Ketujuh, baik saya maupun istri saya telah didudukkan sebagai terdakwa dalam
persidangan ini dan berada di dalam tahanan, sementara empat orang anak-anak
kami terkhusus yang masih balita juga punya hak dan masih membutuhkan
perawatan juga perhatian dari kedua orang tuanya.
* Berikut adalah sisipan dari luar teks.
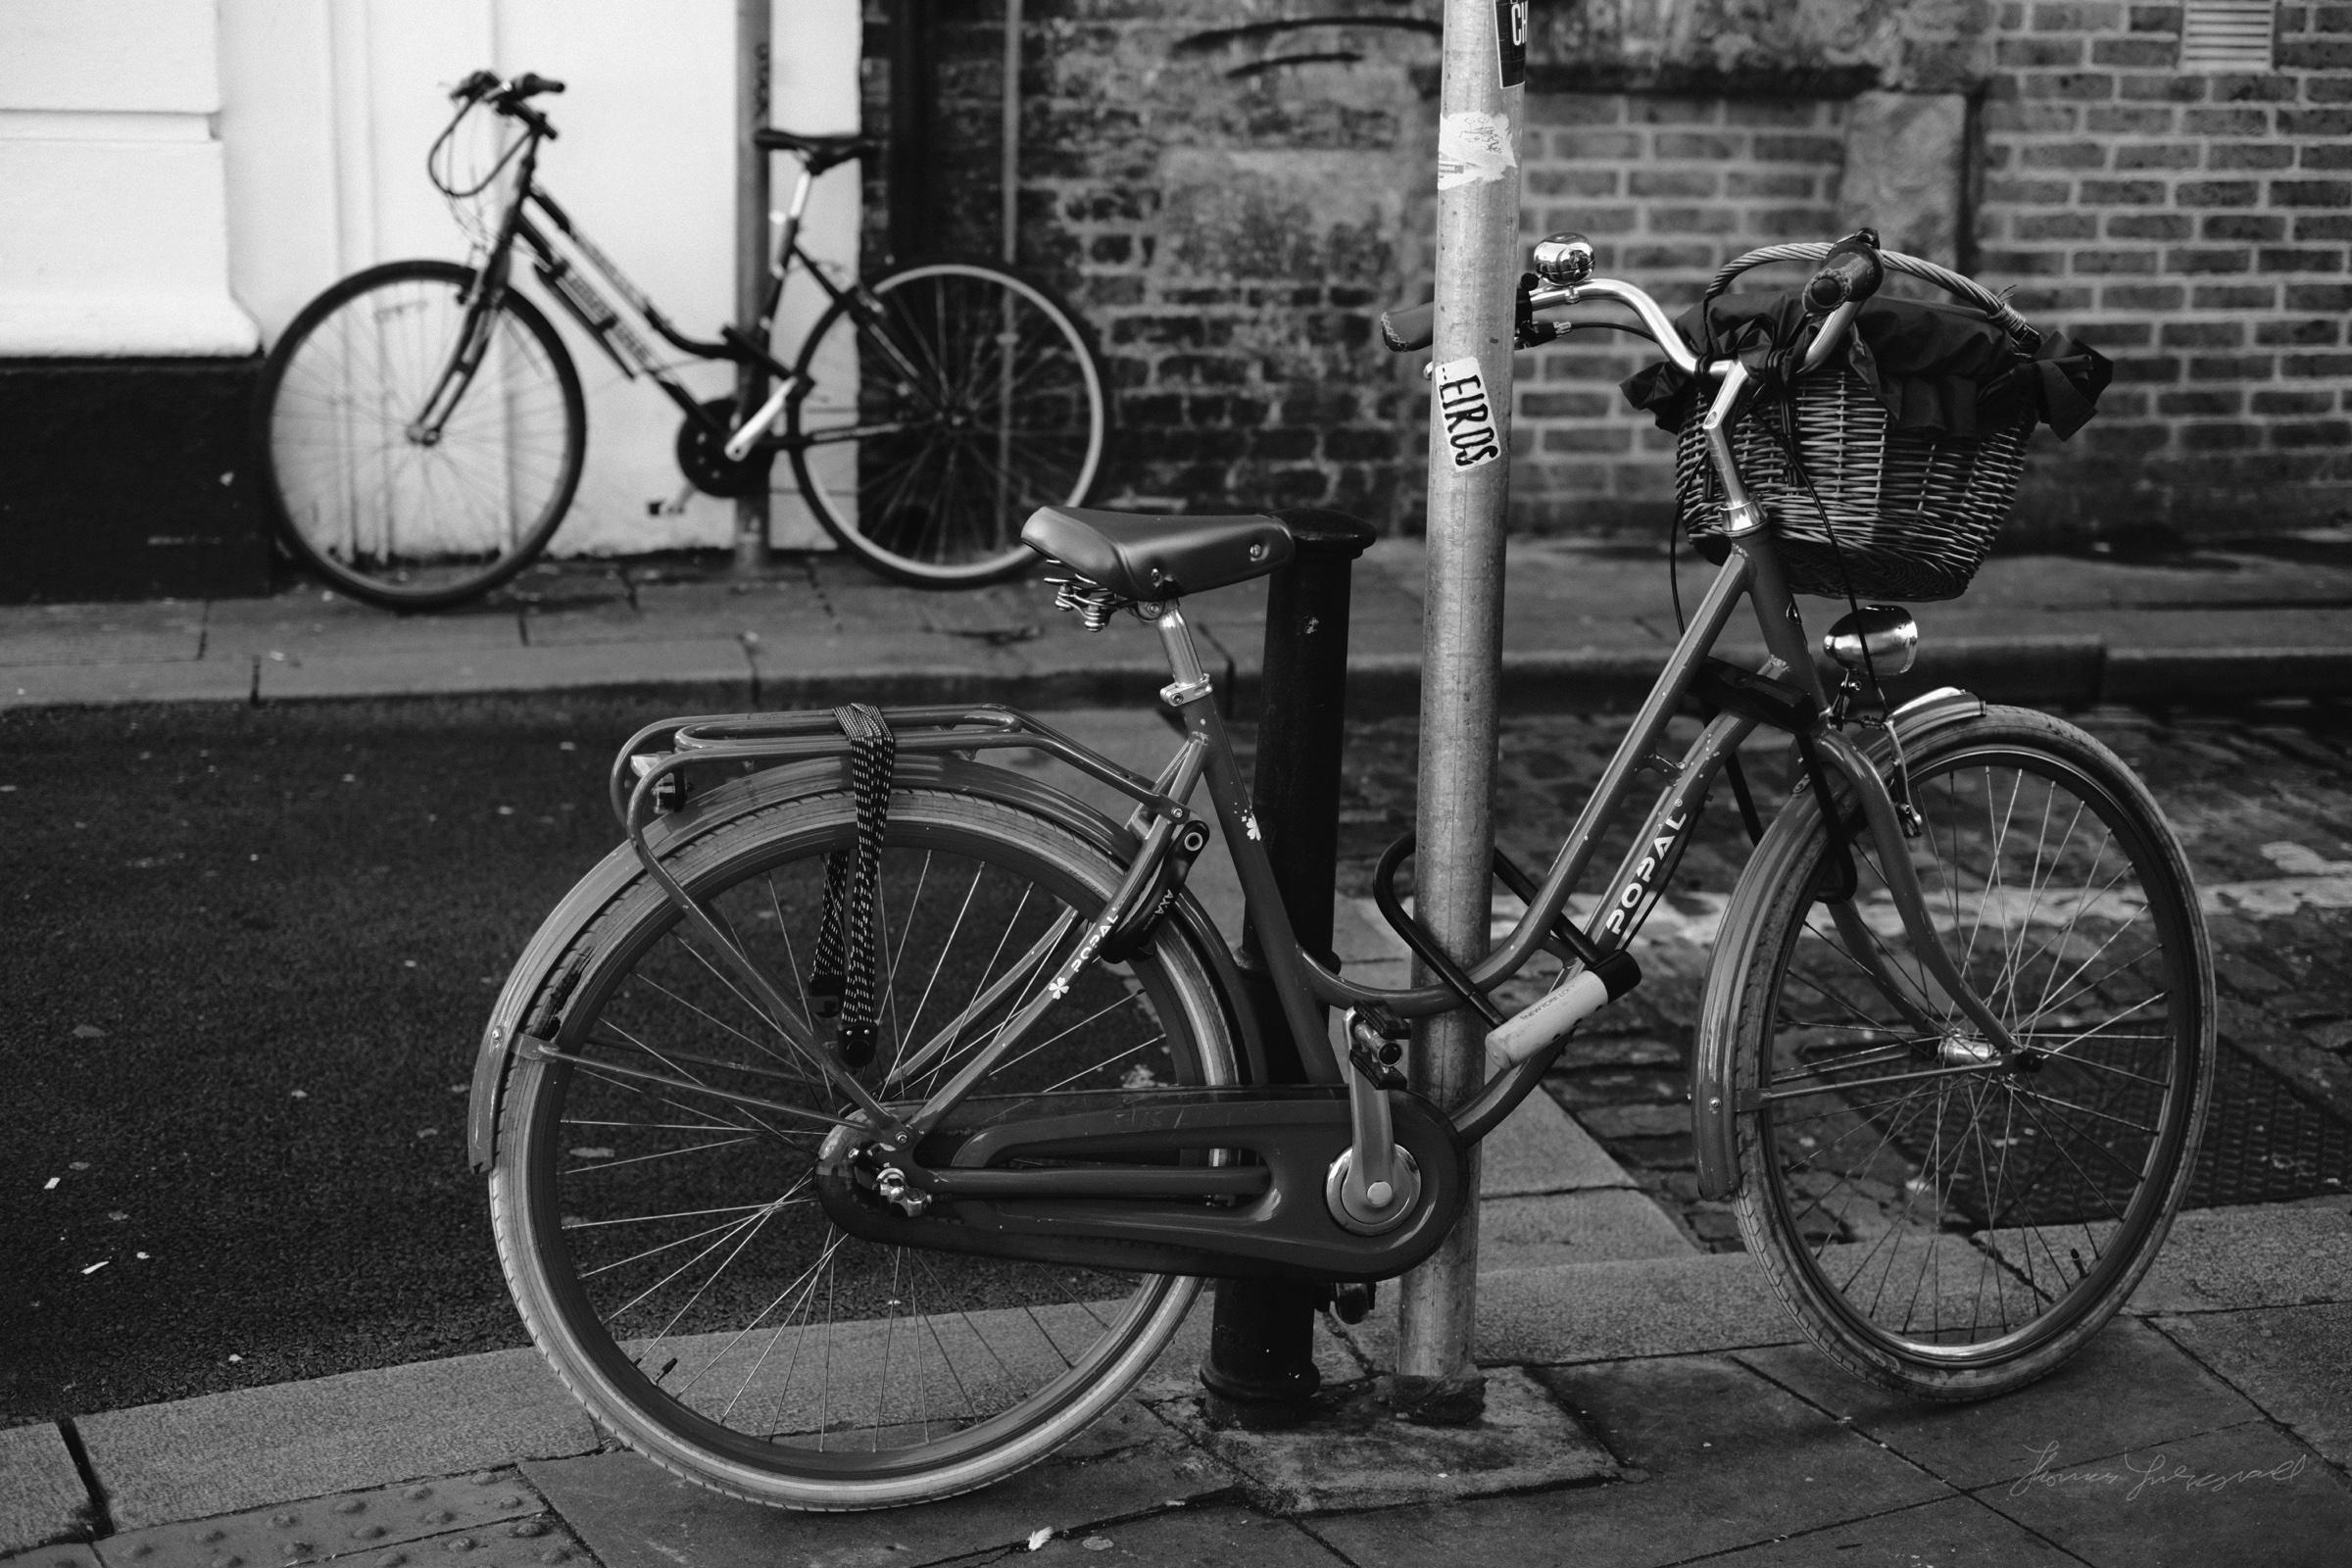 Street-Photography-Dublin-X-Pro2-Acros-023.jpg

Kesepuluh, atas perkara ini saya telah dijatuhi hukuman administratif dari
POLRI berupa Pemberhentian Tidak Dengan Hormat (PTDH) sebagai anggota
POLRI, akibatnya saya telah kehilangan pekerjaan, dan tidak lagi mendapatkan
hak-hak apapun termasuk uang pensiun, sehingga saya telah kehilangan sumber
penghidupan bagi saya dan keluarga."
Sebagai manusia biasa saya juga tak luput dari salah dan dosa, kiranya Tuhan
maha pengasih berkenan mengampuni saya, memberikan kesempatan kepada
saya untuk bertobat dan memperbaiki diri, sebagaimana juga termuat dalam
kitab Mazmur 51 ayat 13: “Janganlah membuang aku dari hadapanmu dan
janganlah mengambil rohmu yang kudus daripada ku” demikian pula
termuat dalam kitab Wahyu 3 ayat 19: “Barang siapa ku kasihi, ia ku tegor
dan ku hajar, sebab itu relakanlah hatimu dan bertobatlah.” Dan, masa
lalu adalah pengalaman berharga, hari ini adalah kehidupan kepastian, hari esok
adalah pengharapan.
9
Demikian nota pembelaan pribadi ini saya sampaikan, semoga dapat menjadi
pertimbangan yang adil bagi Yang Mulia Majelis Hakim dalam memutus perkara
ini, di tengah desakan dan sesaknya ruangan pesidangan ini, terima kasih.